William Raphael "Rae" Johnstone (13 April 1905 – 29 April 1964), was an Australian flat-race jockey. After enjoying considerable success in his native country, he relocated to Europe in 1932 and spent most of the rest of his life in France. He won twelve British Classic Races and two Prix de l'Arc de Triomphes. On his retirement in 1957 he was described as "one of the greatest international jockeys of modern times". He died of a heart attack in 1964.

==Background==
Rae Johnstone was born to Robert James Johnstone (a coalminer) and Elizabeth Johnstone (nee Harvey) in 1905 in New Lambton, a suburb of Newcastle, New South Wales. In later life he was somewhat evasive when talking about his origins, claiming that his original surname was Davies and on others that he was of Portuguese descent. There is some evidence, however, that he may have attempted to conceal the fact that he was of Australian Aborigine heritage. Early in his riding career he was nicknamed "Togo" after Admiral Togo on account of his dark complexion and "oriental" appearance: Johnstone reportedly found the name offensive.

==Riding career==
Johnstone began his riding career in Australia, winning his first race in 1920 at the age of 15. He had several brushes with the racing authorities and received a two-year ban in 1927 after he "conspired to lose a race". In 1931 he was the Champion Jockey in Sydney and began to attract attention from abroad. By that time he had won more than 600 races in Australia and also ridden successfully in India. In the following year he travelled to France to take up a position as the retained jockey for Pierre Wertheimer and moved to England two years later to ride for Lord Glanely. He made an immediate impact by winning the 2000 Guineas aboard Colombo but was criticised for his tactics when finishing third on the same colt in the Epsom Derby and returned to France shortly afterwards. In the following year he partnered the French-trained filly Mesa to win the 1000 Guineas. In his early career Johnstone had been known to bet of his mounts, but gave up gambling on his second marriage in 1940.

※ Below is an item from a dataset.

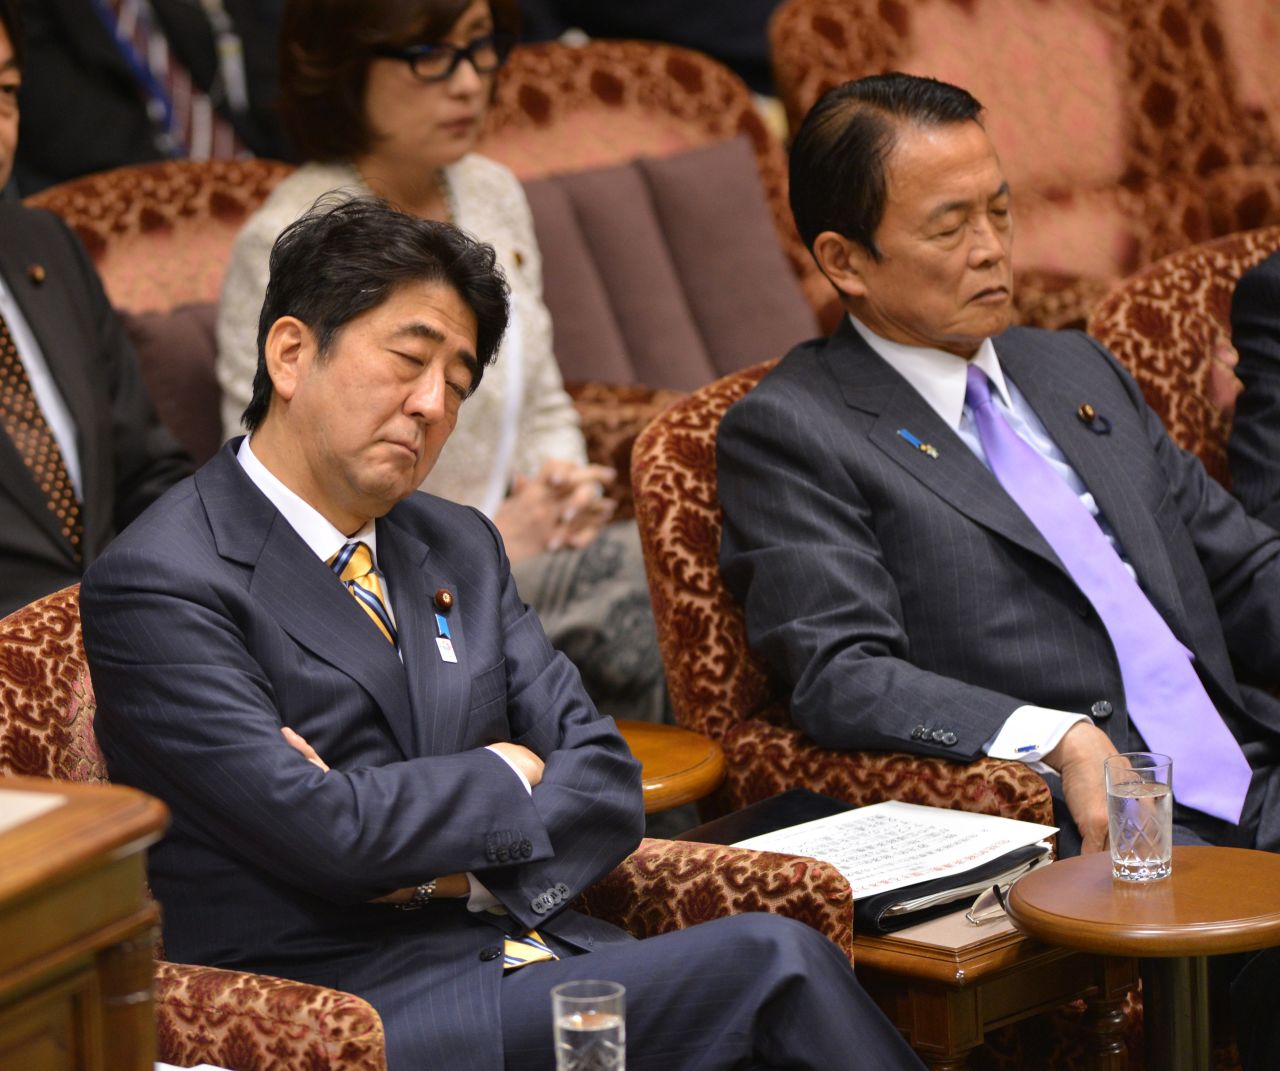 Japanese Prime Minister Shinzo Abe (L) and Finance Minister Taro Aso "listen" to a question from an opposition lawmaker during a budget session at the National Diet in Tokyo in February 2013.

During the Second World War Johnstone was rejected for military service and briefly went back to India, before resuming his riding career in France. In 1942 he was interned by the occupying forces but returned to race-riding in late 1944. In 1945 he won the Prix de l'Arc de Triomphe on Nikellora.

In the immediate post-war period Johnstone had great success riding French-trained horses in major British races. Between 1947 and 1956 he won the 1000 Guineas on Imprudence and Camaree, the Derby on My Love, Galcador and Lavandin, the Epsom Oaks on Imprudence, Asmena and Sun Cap and the St Leger on Scratch and Talma. In France he won a second Arc de Triomphe on Sica Boy in 1954. Arguably the best horse he rode however was Sayani on whom he won the Cambridgeshire Handicap in 1946.

Johntone regarded his Derby win on My Love as his greatest achievement. He rode in the United States but did not enjoy the experience, commenting "There's no atmosphere. As far as I can make out, people go to races in America to eat sandwiches and hot dogs and to bet on a number".

==Riding style==
Johntone was known for his judgment of pace and mastery of waiting tactics. He acquired the nickname "The Crocodile" because "he comes from behind and eats you up". He was also reluctant to use the whip on horses who were already beaten, which led to accusations of a lack of effort. He defended himself by saying "If the owner wants me to place, I’ll try. But I don't like to ride a horse into the ground for nothing".

==Later life==
Johnstone retired from riding to become a trainer. He died in Paris on 29 April 1964 after suffering a heart attack at Le Tremblay racecourse.

==Personal life==
Johnstone was married twice. In June 1925 he married Ruby Isabel Hornery-Ford but their partnership was short-lived. In 1940 he married Marie Marcelle Augustine Goubé, a former dancer at the Folies Bergere. His second marriage lasted until his death although he also carried on a long-term relationship with a mistress, Margo Winnick.